Source material:
Start of Block
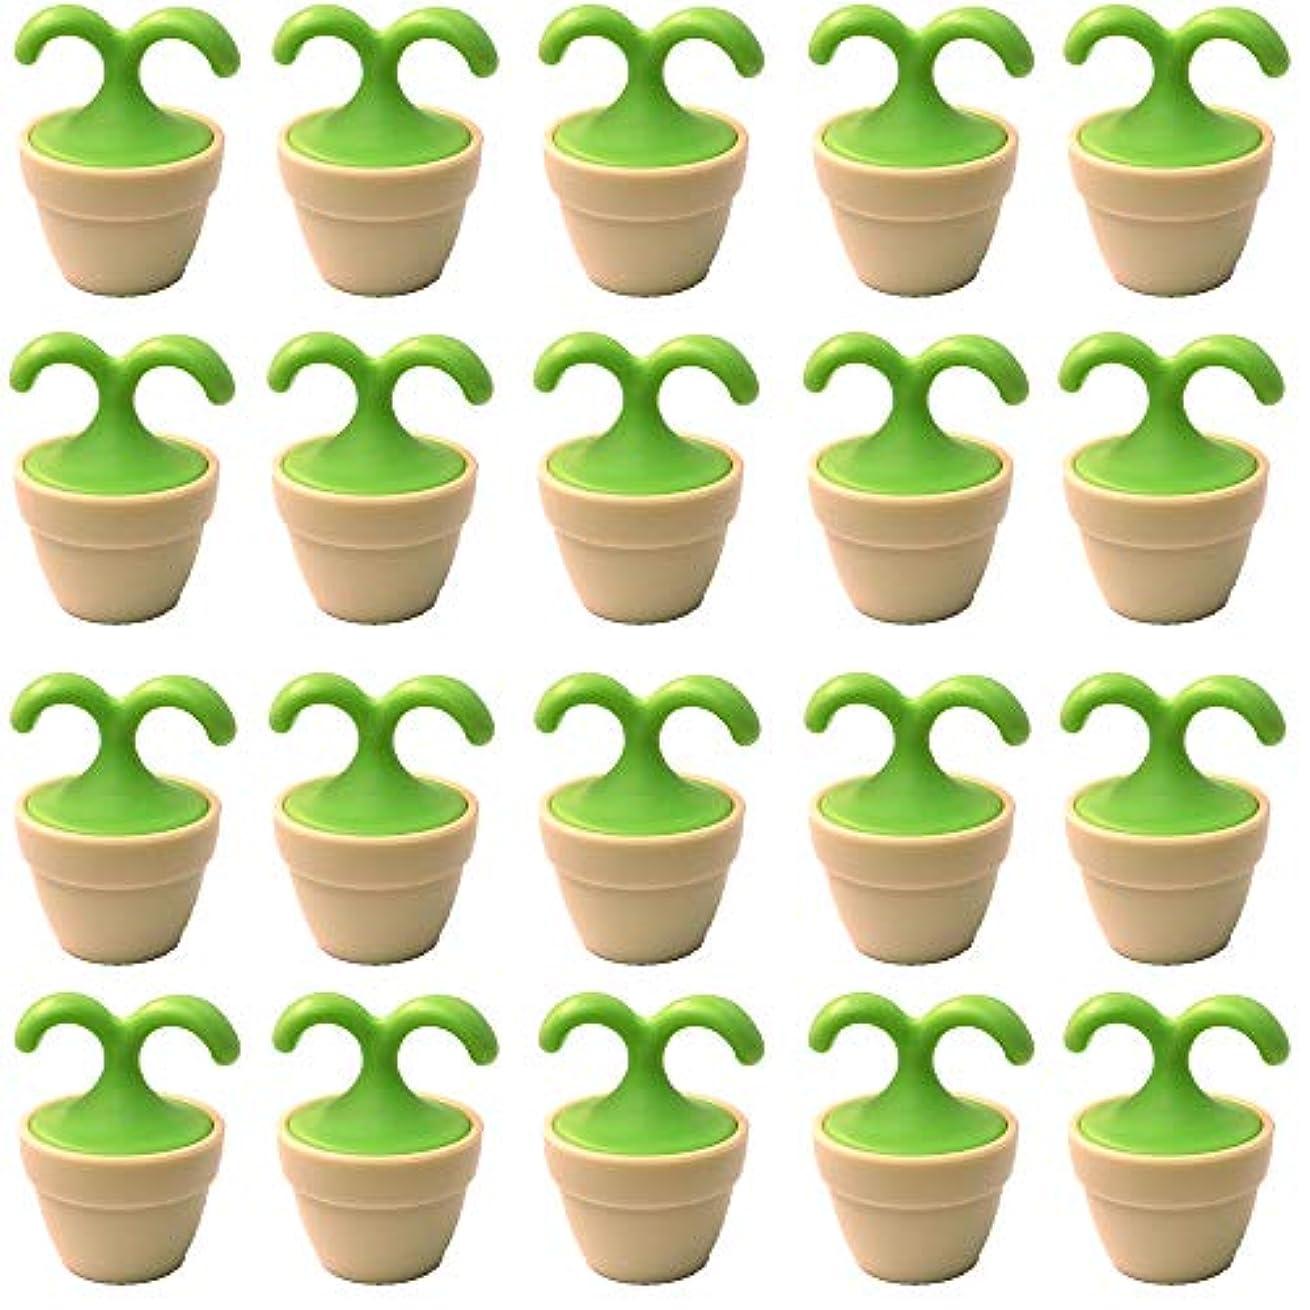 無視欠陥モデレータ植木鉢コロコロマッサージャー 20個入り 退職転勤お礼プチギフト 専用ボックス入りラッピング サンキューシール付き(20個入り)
End of Block
Start of Block
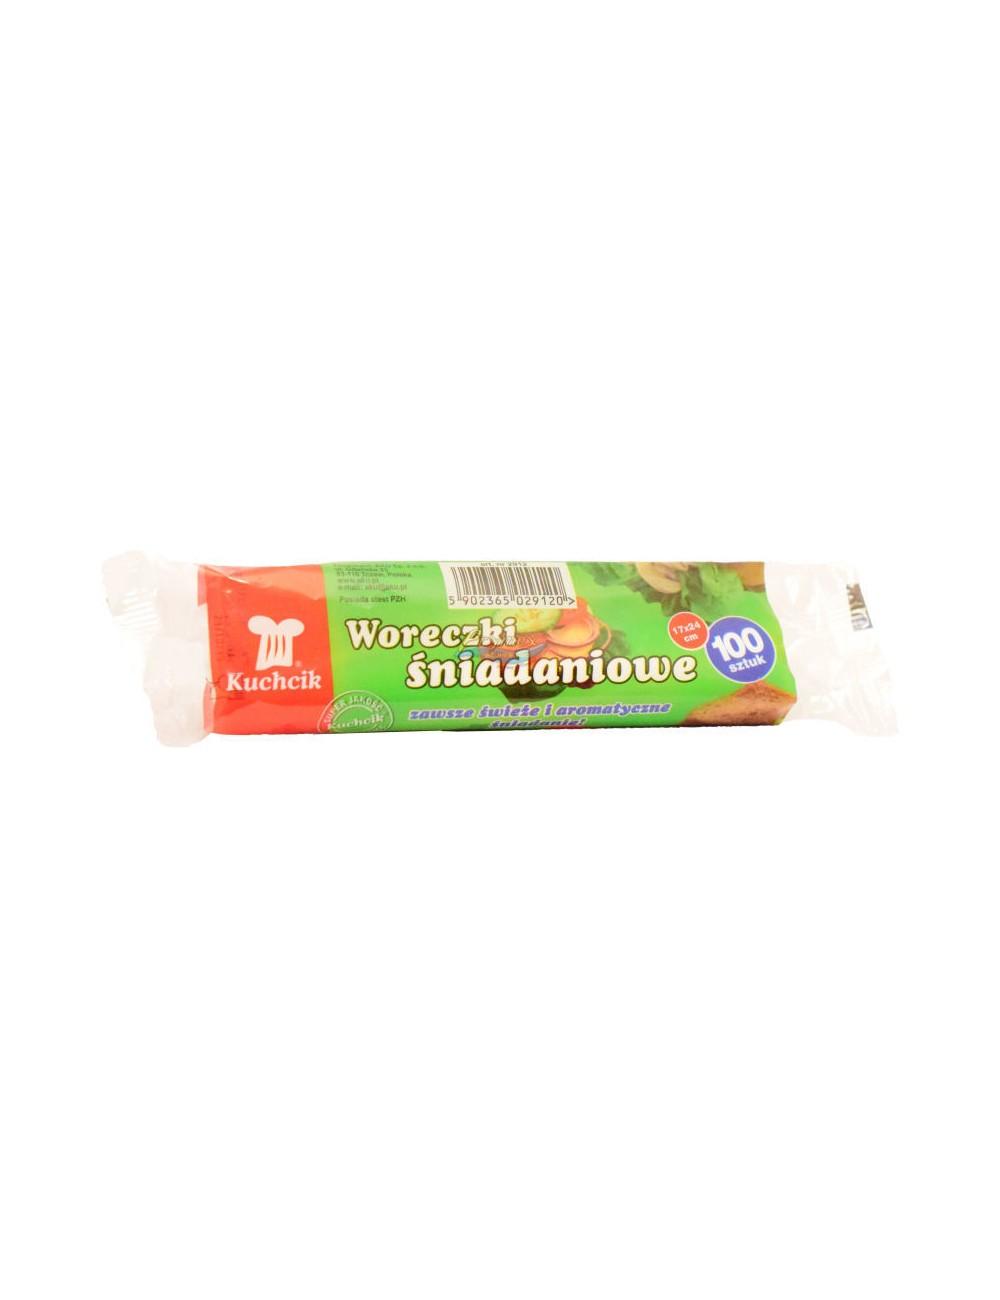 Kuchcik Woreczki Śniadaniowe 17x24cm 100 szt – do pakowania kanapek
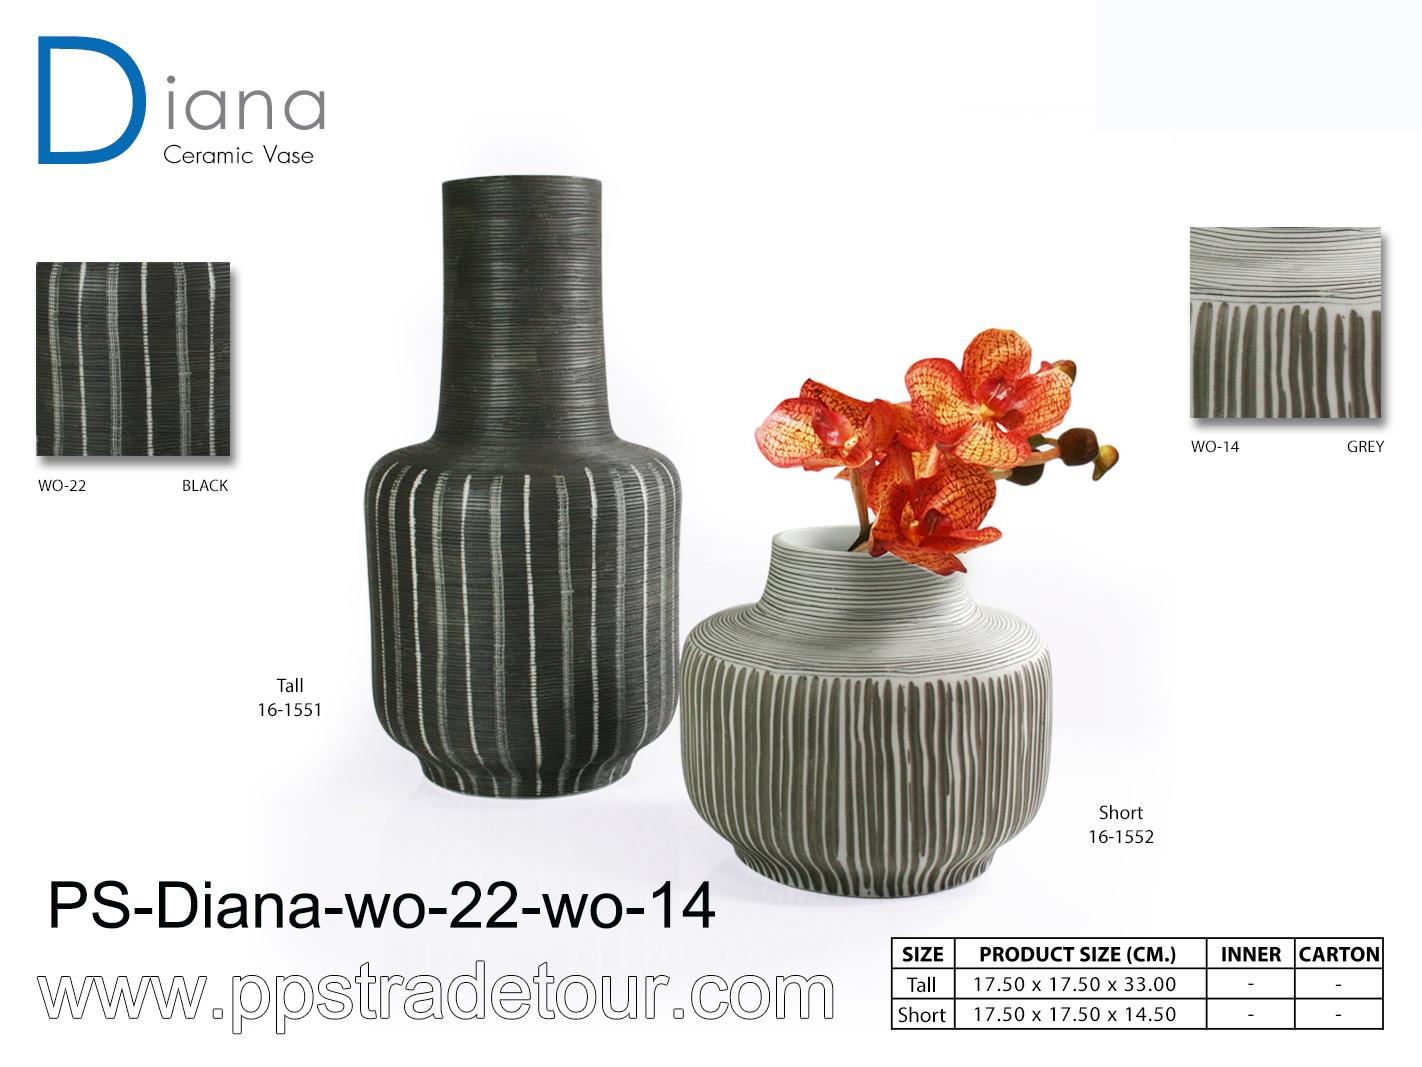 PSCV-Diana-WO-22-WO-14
End of Block
Exercise goal:
Restate the lines above from the one containing "Kuchcik Woreczki Śniadaniowe" through the one containing "PSCV-Diana-WO-22-WO-14", inclusive, exactly and without pictures.

Response box:
 Kuchcik Woreczki Śniadaniowe 17x24cm 100 szt – do pakowania kanapek
 PSCV-Diana-WO-22-WO-14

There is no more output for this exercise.